| Extracted data |

'''

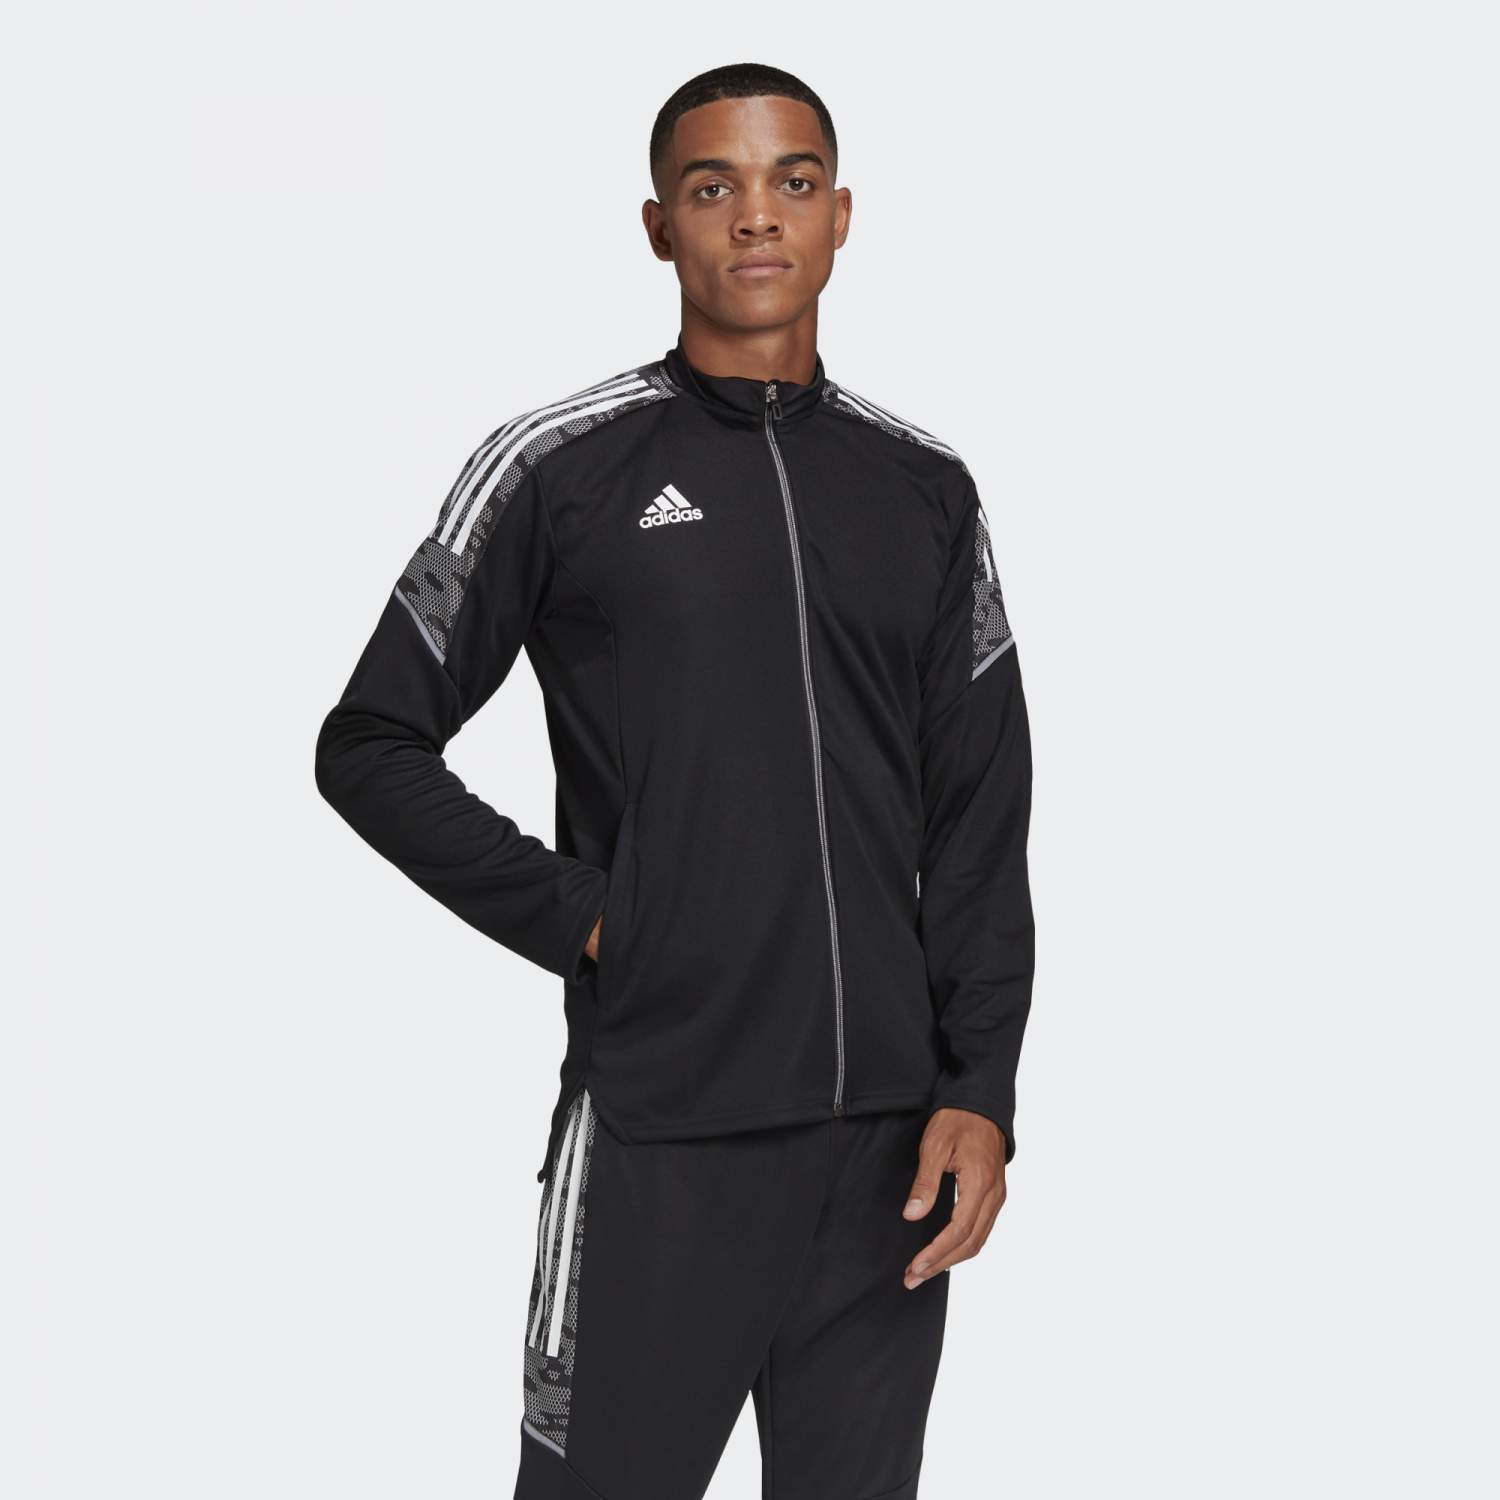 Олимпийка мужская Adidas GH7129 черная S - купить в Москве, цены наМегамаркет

'''
'''

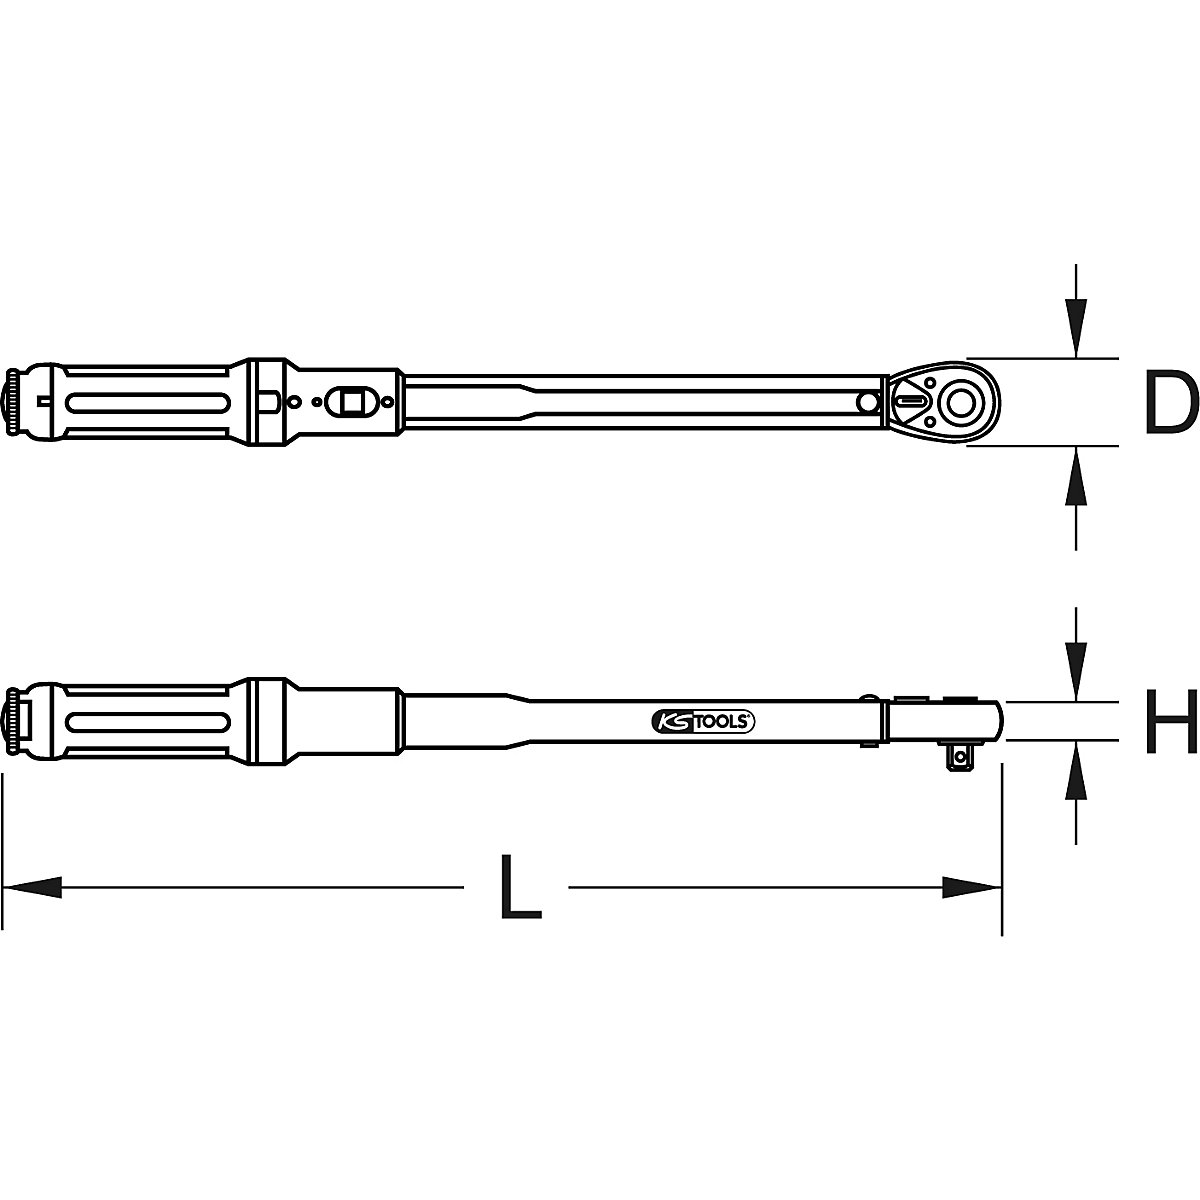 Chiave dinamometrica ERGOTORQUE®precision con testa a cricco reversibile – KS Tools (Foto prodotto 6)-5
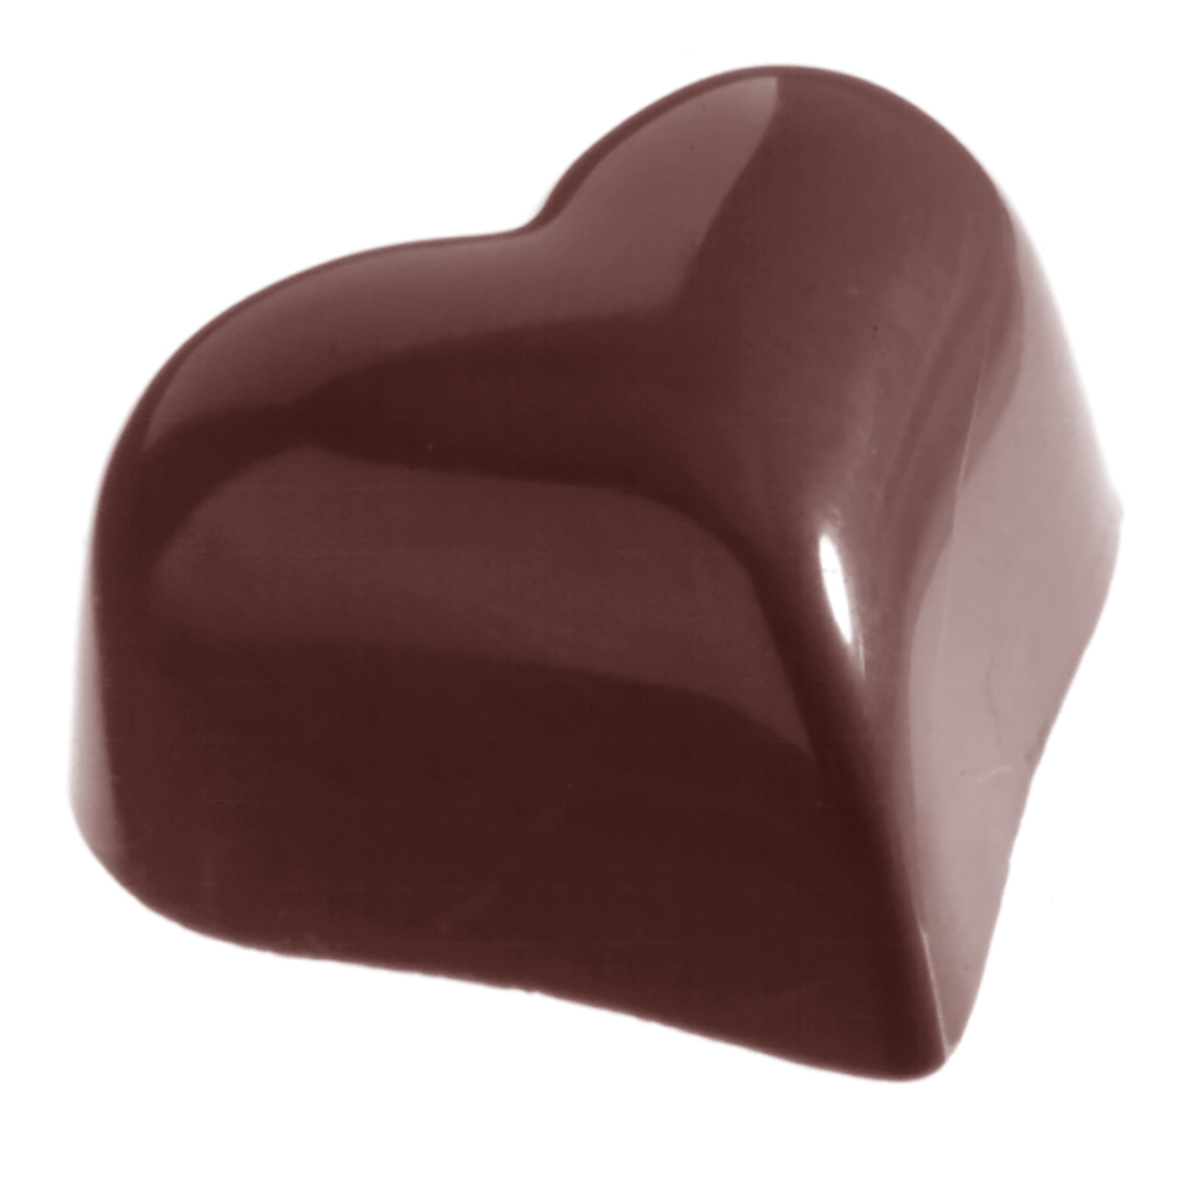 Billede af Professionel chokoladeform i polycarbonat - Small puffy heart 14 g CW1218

'''
'''

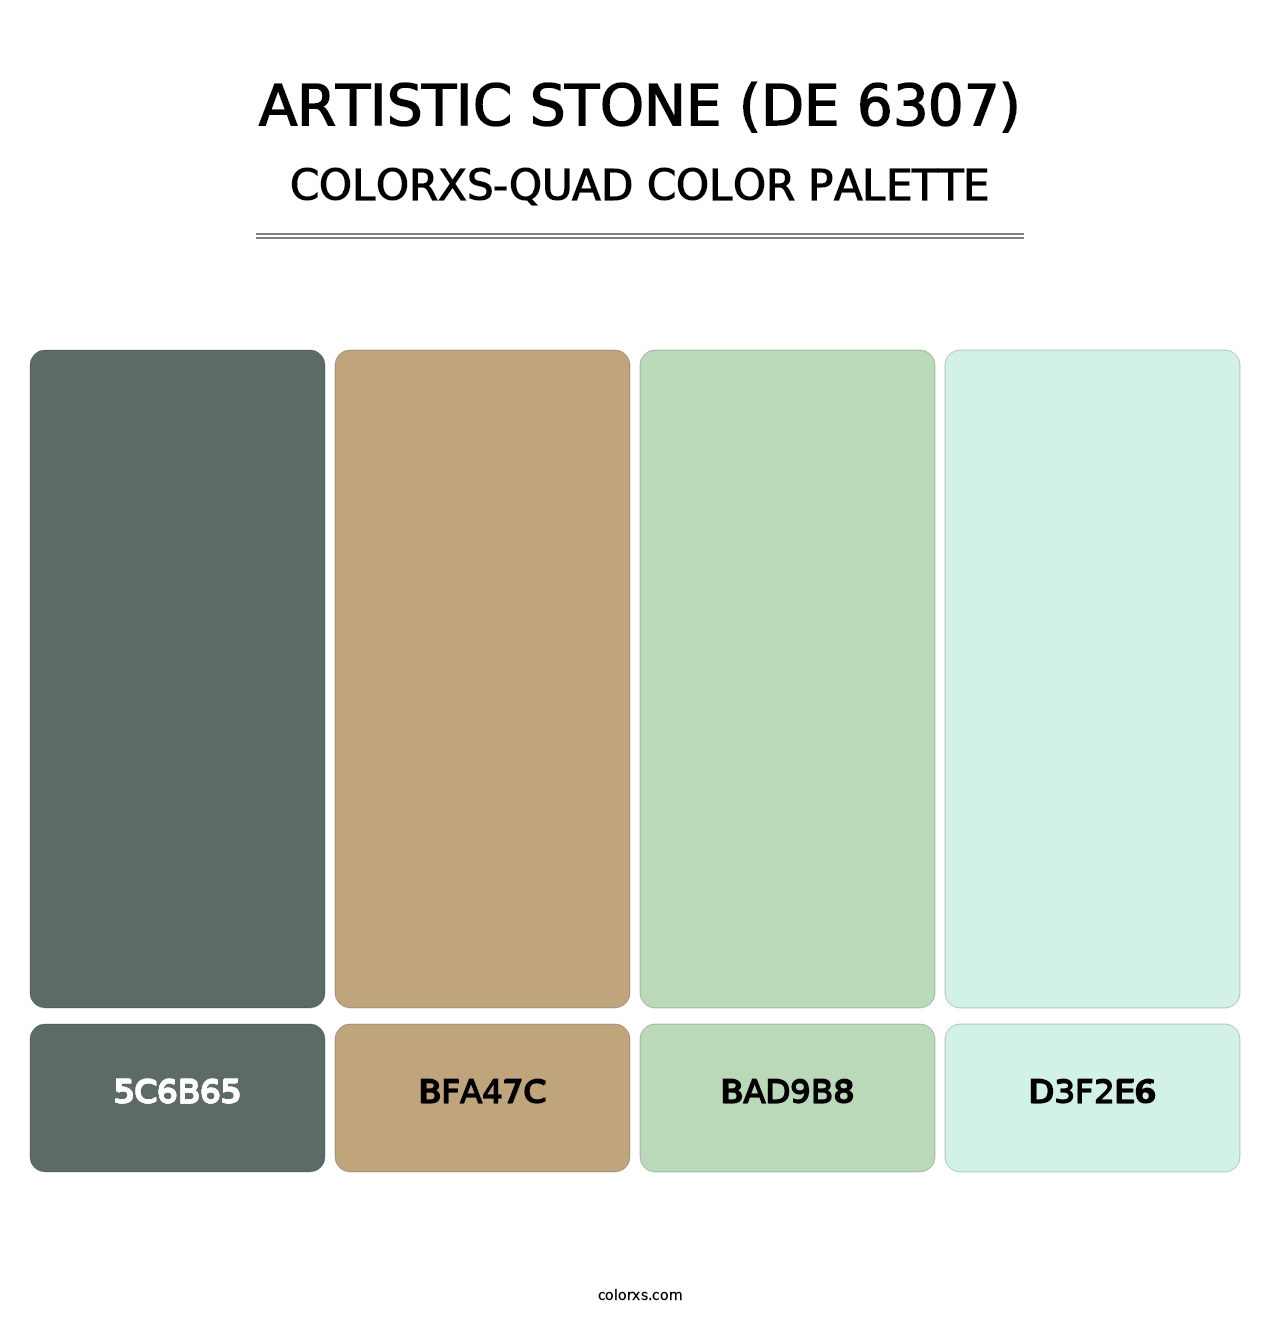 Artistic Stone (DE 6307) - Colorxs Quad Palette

'''

| How to complete this task |
Once the line with "Chiave dinamometrica ERGOTORQUE®precision" is found above, print it and every line after it through the line with "Billede af Professionel", exactly. Pictures stay out.

| Task answer |
 Chiave dinamometrica ERGOTORQUE®precision con testa a cricco reversibile – KS Tools (Foto prodotto 6)-5
 Billede af Professionel chokoladeform i polycarbonat - Small puffy heart 14 g CW1218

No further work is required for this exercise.